The Obtain: Rethinking AI benchmarks, and the ethics of AI brokers -

Each time a brand new AI mannequin is launched, it’s usually touted as acing its efficiency towards a collection of benchmarks. OpenAI’s GPT-4o, for instance, was launched in Could with a compilation of outcomes that confirmed its efficiency topping each different AI firm’s newest mannequin in a number of checks.

The issue is that these benchmarks are poorly designed, the outcomes exhausting to copy, and the metrics they use are steadily arbitrary, in response to new analysis. That issues as a result of AI fashions’ scores towards these benchmarks decide the extent of scrutiny they obtain.

AI corporations steadily cite benchmarks as testomony to a brand new mannequin’s success, and people benchmarks already type a part of some governments’ plans for regulating AI. However proper now, they won’t be adequate to make use of that method—and researchers have some concepts for the way they need to be improved.

—Scott J Mulligan

We have to begin wrestling with the ethics of AI brokers

Generative AI fashions have grow to be remarkably good at conversing with us, and creating photos, movies, and music for us, however they’re not all that good at doing issues for us.

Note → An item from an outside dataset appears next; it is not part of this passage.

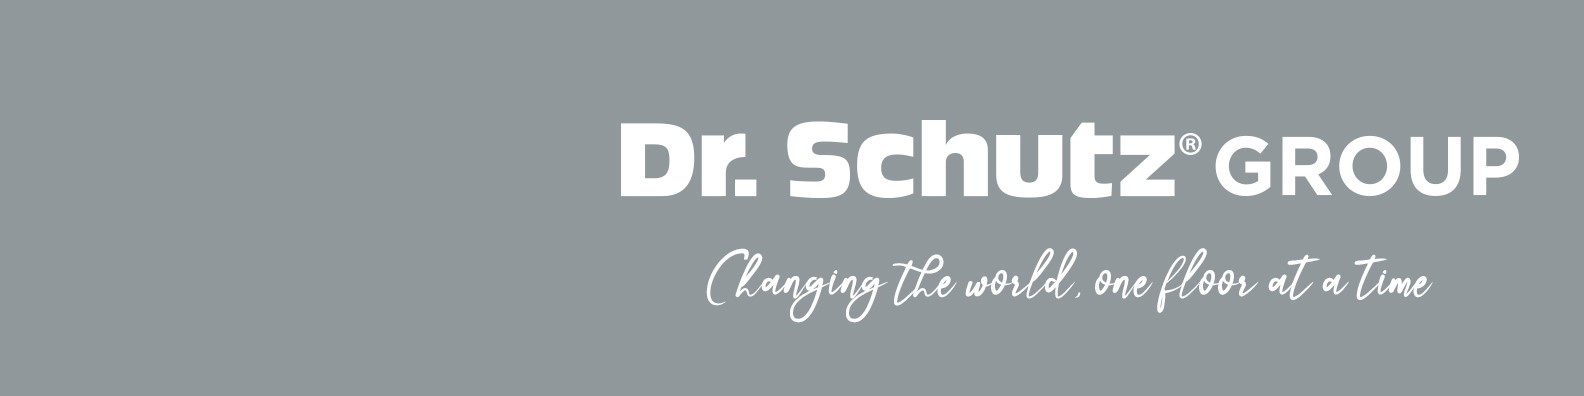 Einstiegsgehalt bei Dr. Schutz GmbH

AI brokers promise to alter that. Final week researchers printed a brand new paper explaining how they skilled simulation brokers to copy 1,000 individuals’s personalities with gorgeous accuracy.

AI fashions that mimic you could possibly exit and act in your behalf within the close to future. If such instruments grow to be low-cost and straightforward to construct, it’ll elevate a number of new moral issues, however two particularly stand out. Learn the complete story.

—James O’Donnell

The Obtain: Rethinking AI benchmarks, and the ethics of AI brokers

What GPT-4.5 Reveals In regards to the Future

Llama 4 Fashions: Meta AI is Open Sourcing the Greatest!

What’s New in Devin 2.0? Full Breakdown Inside

The Rise of Small Reasoning Fashions: Can Compact AI Match GPT-Degree Reasoning?

NotebookLM Evaluation: The Way forward for Analysis Unlocked

What GPT-4.5 Reveals In regards to the Future

Llama 4 Fashions: Meta AI is Open Sourcing the Greatest!

What’s New in Devin 2.0? Full Breakdown Inside

The Rise of Small Reasoning Fashions: Can Compact AI Match GPT-Degree Reasoning?